----- THE RECORDS

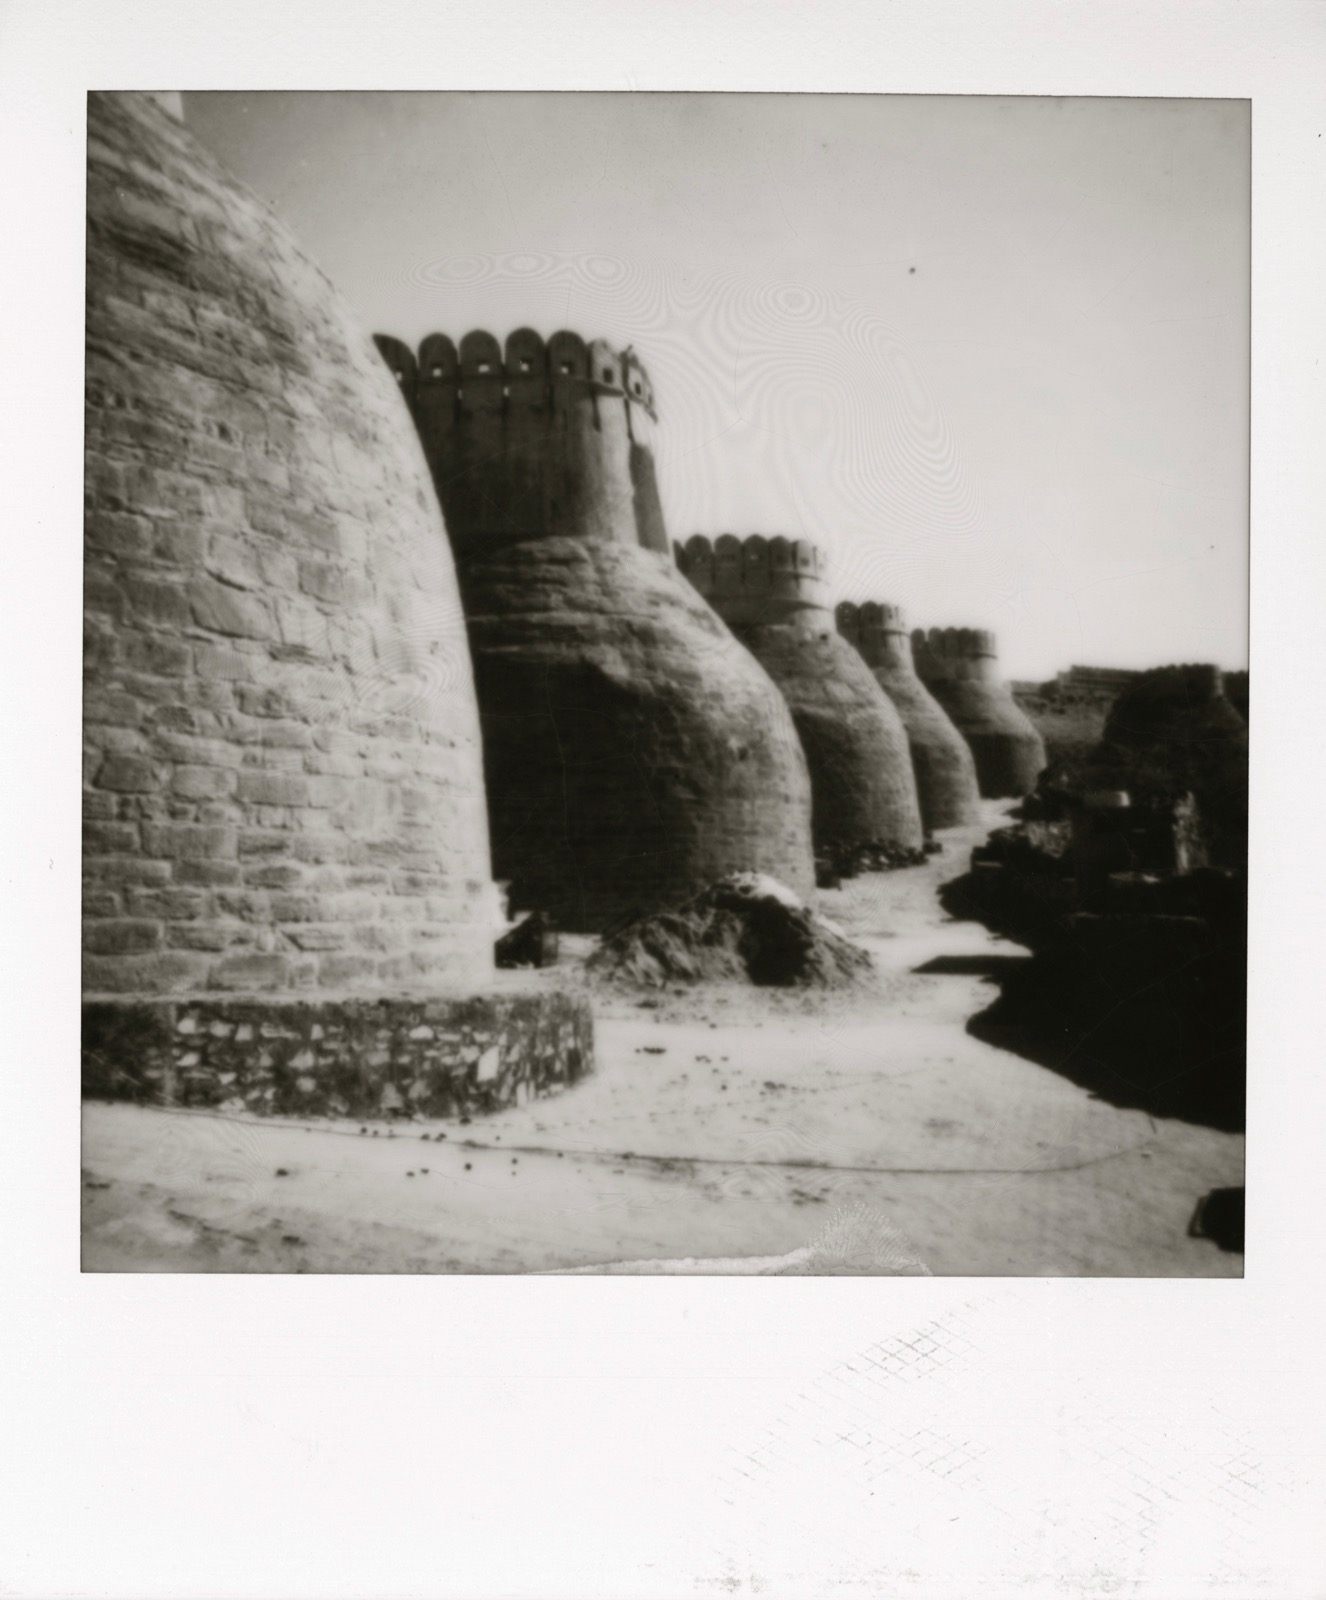 Kumalgarh Fortress
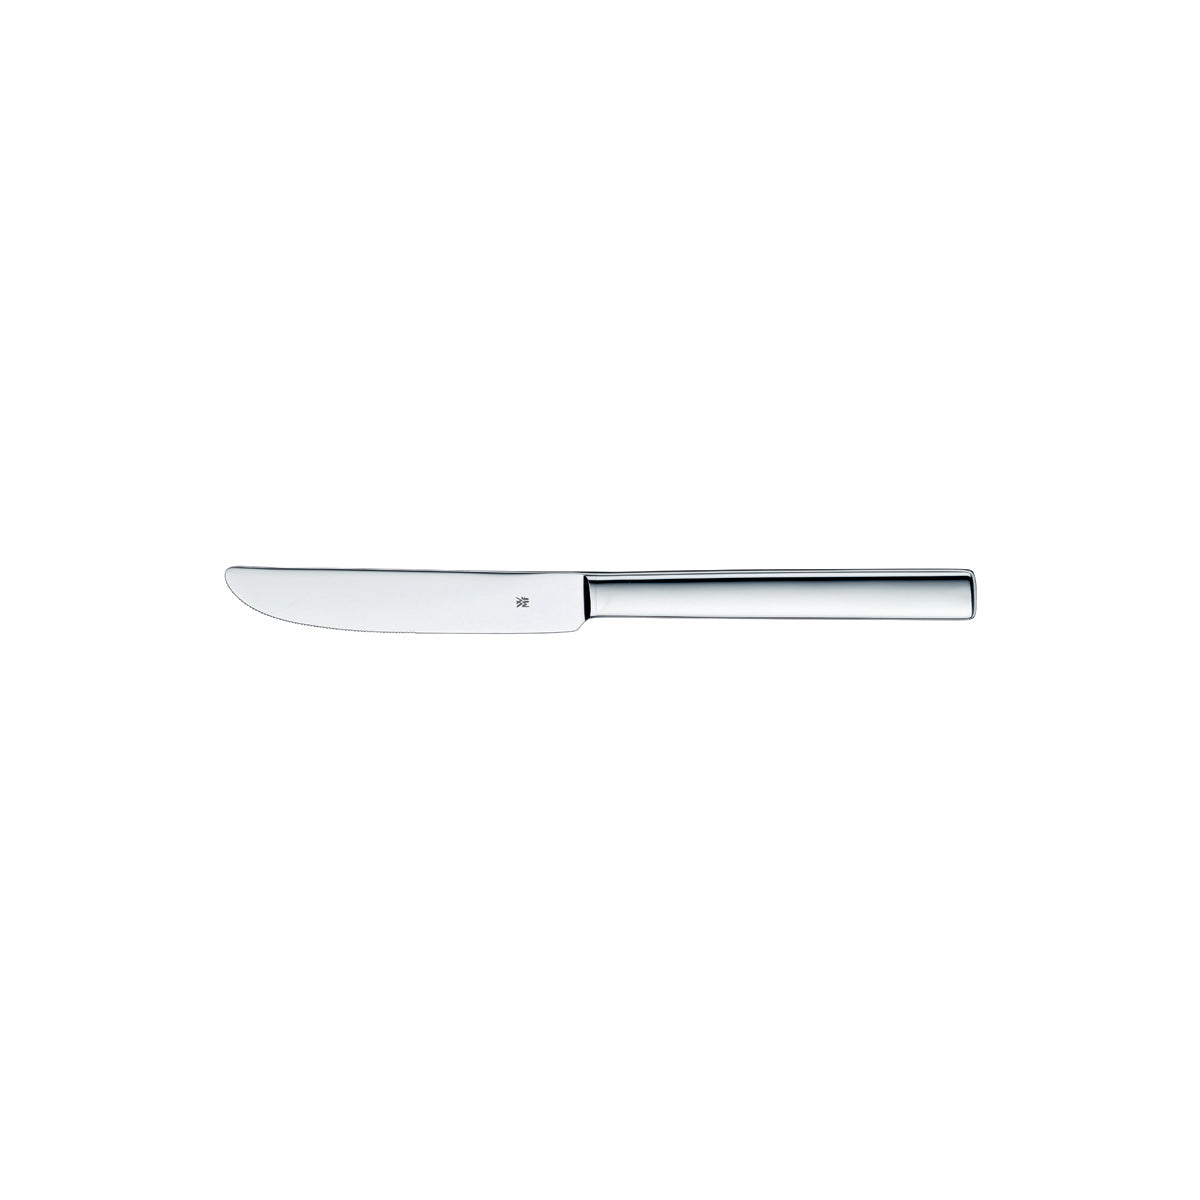 10.5303.6067 WMF Unic Table Knife - Hollow Handle Silverplated Tomkin Australia Hospitality Supplies
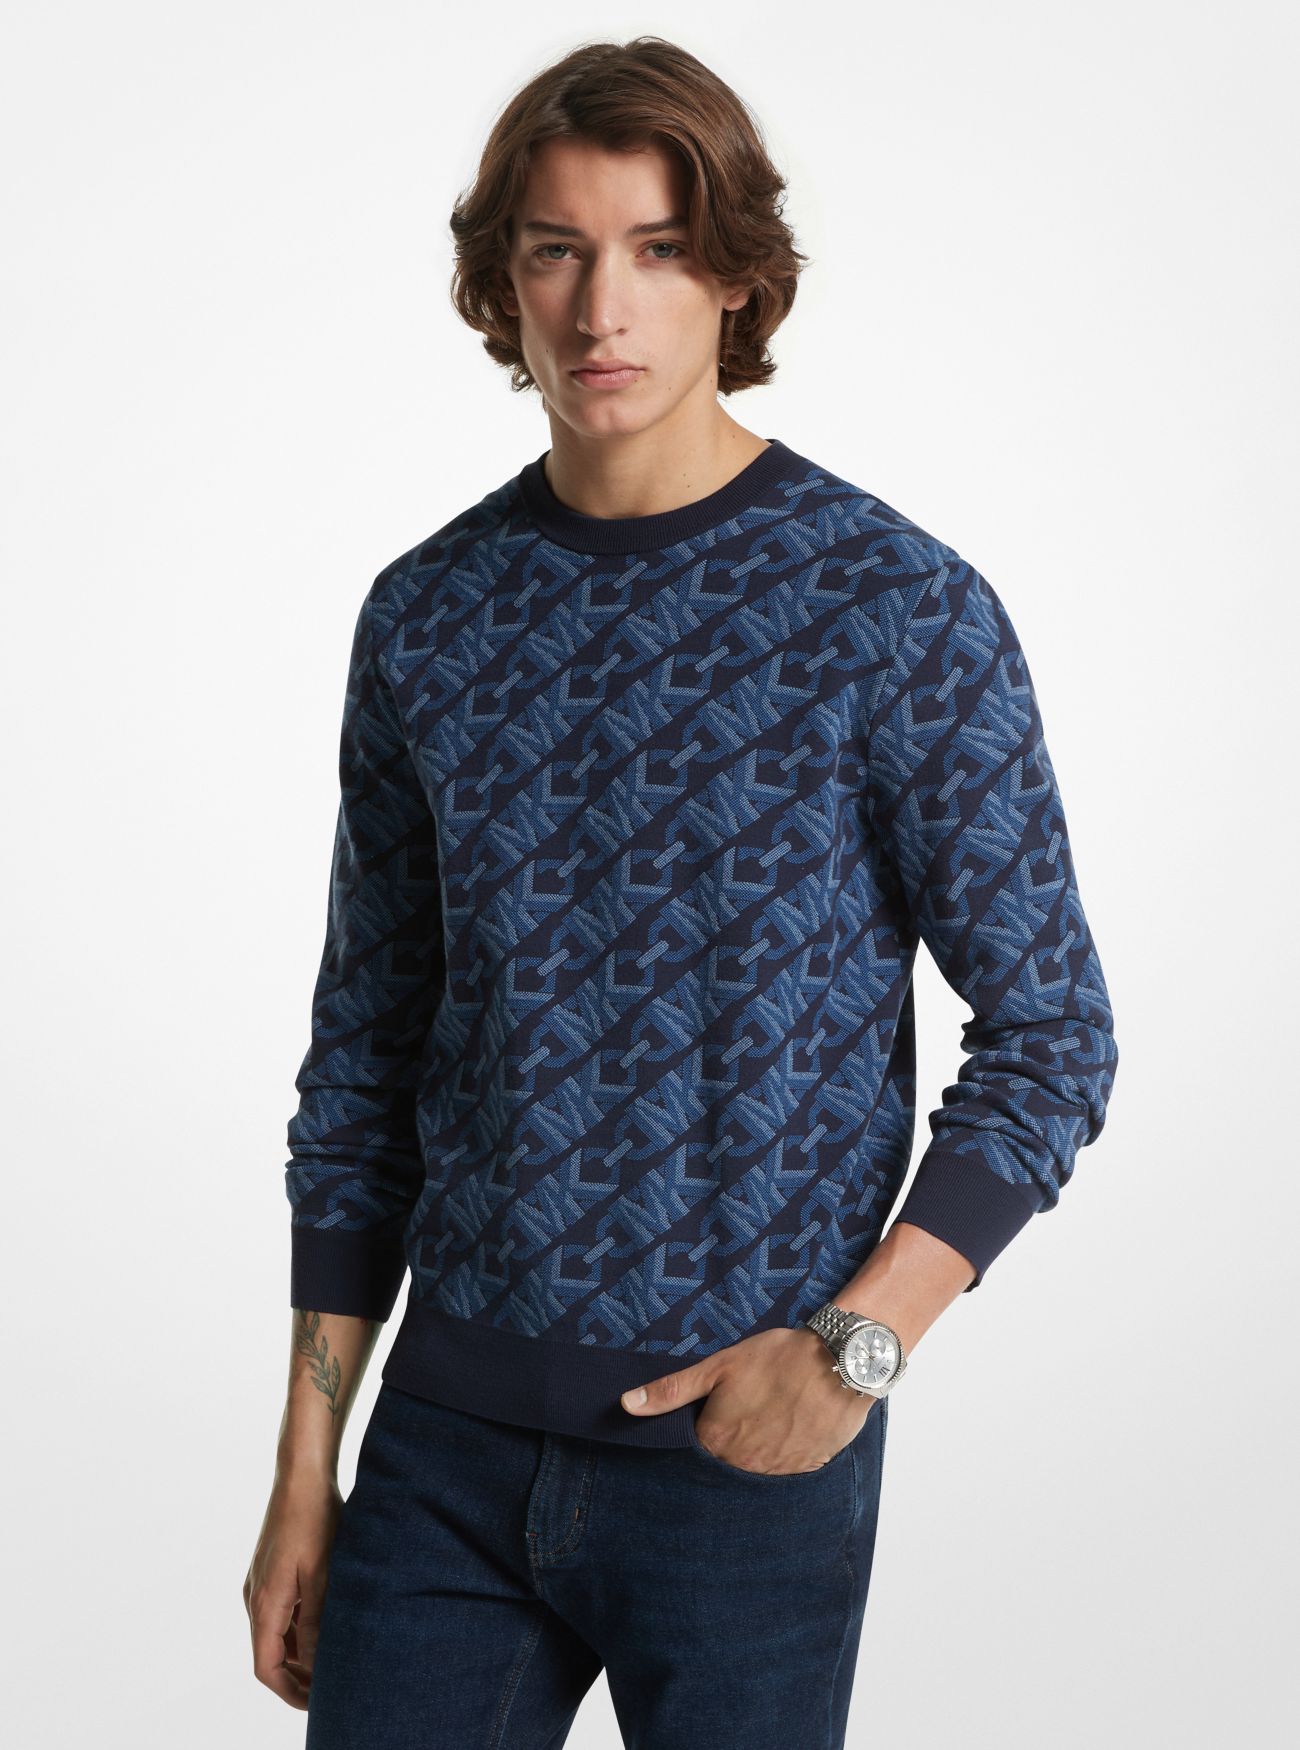 MKJersey de jacquard de lana merino con logotipo imperio - Medianoche(Azul) - Michael Kors
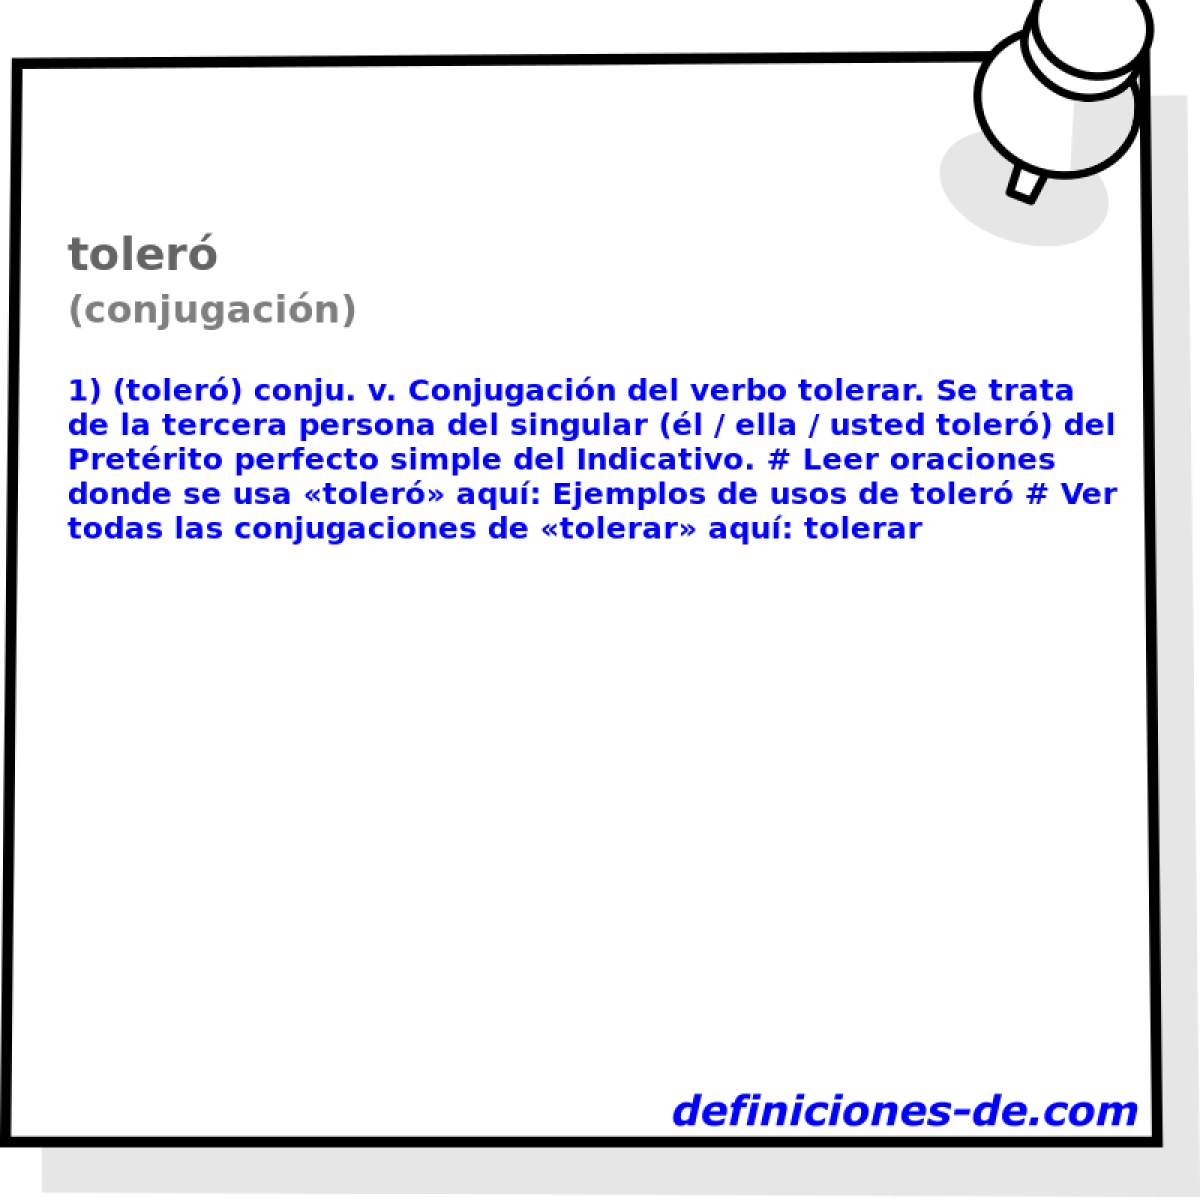 toler (conjugacin)
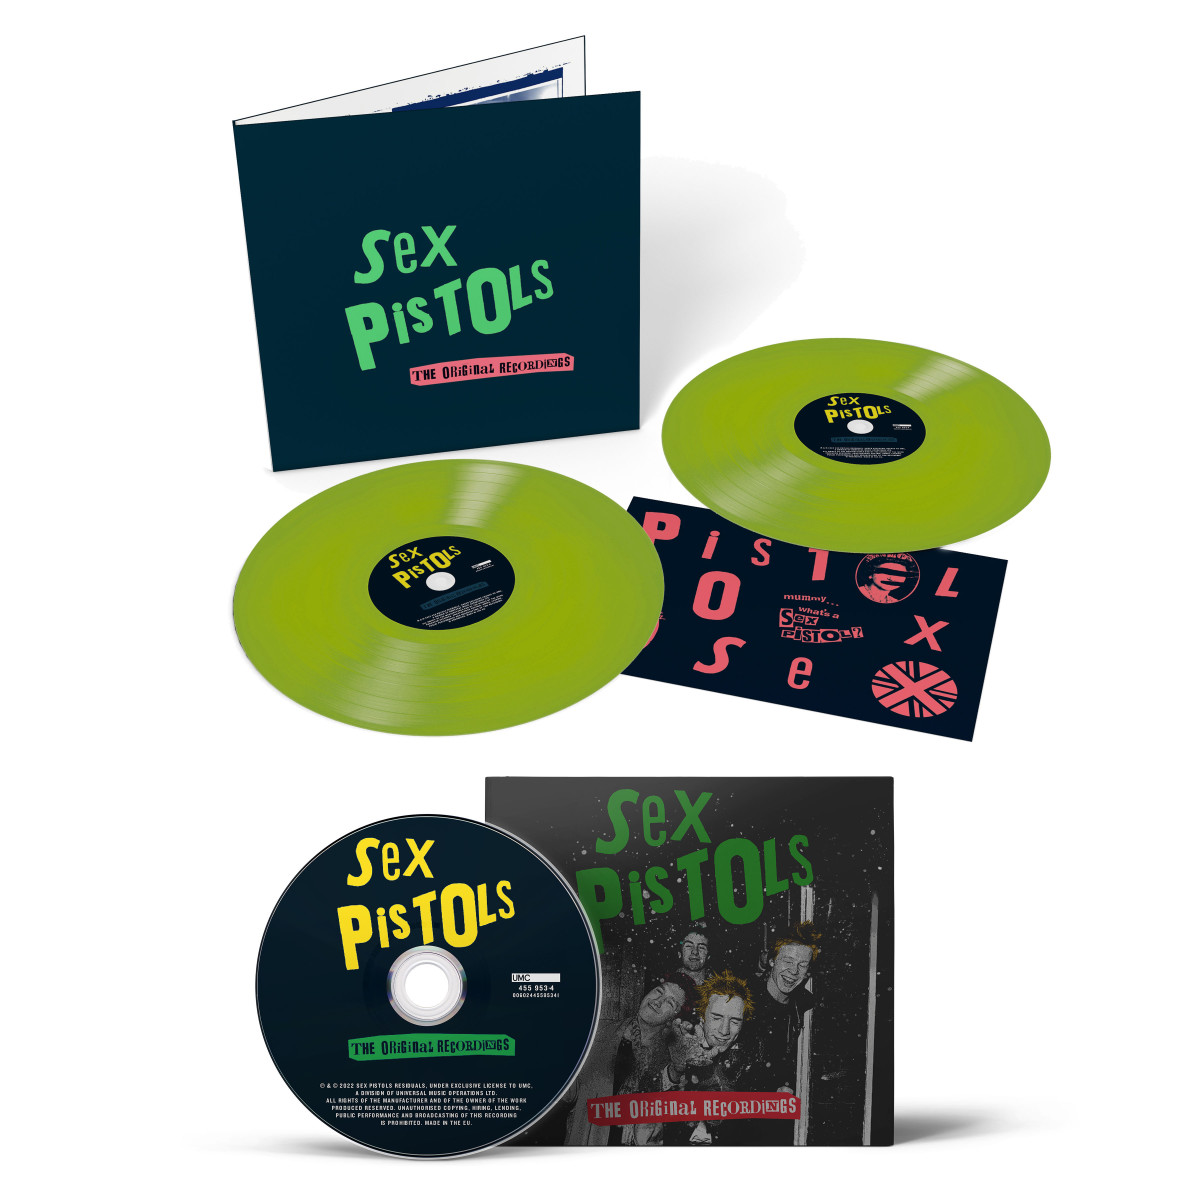 Sex Pistols Original Recordings "deluxe'

----------

→ **EXERCISE**
All of the data above should be transcribed verbatim, with pictures omitted.

→ **OUTPUT OF THE TASK**
 Kumalgarh Fortress
 10.5303.6067 WMF Unic Table Knife - Hollow Handle Silverplated Tomkin Australia Hospitality Supplies
 MKJersey de jacquard de lana merino con logotipo imperio - Medianoche(Azul) - Michael Kors
 toler (conjugacin)
 Sex Pistols Original Recordings "deluxe'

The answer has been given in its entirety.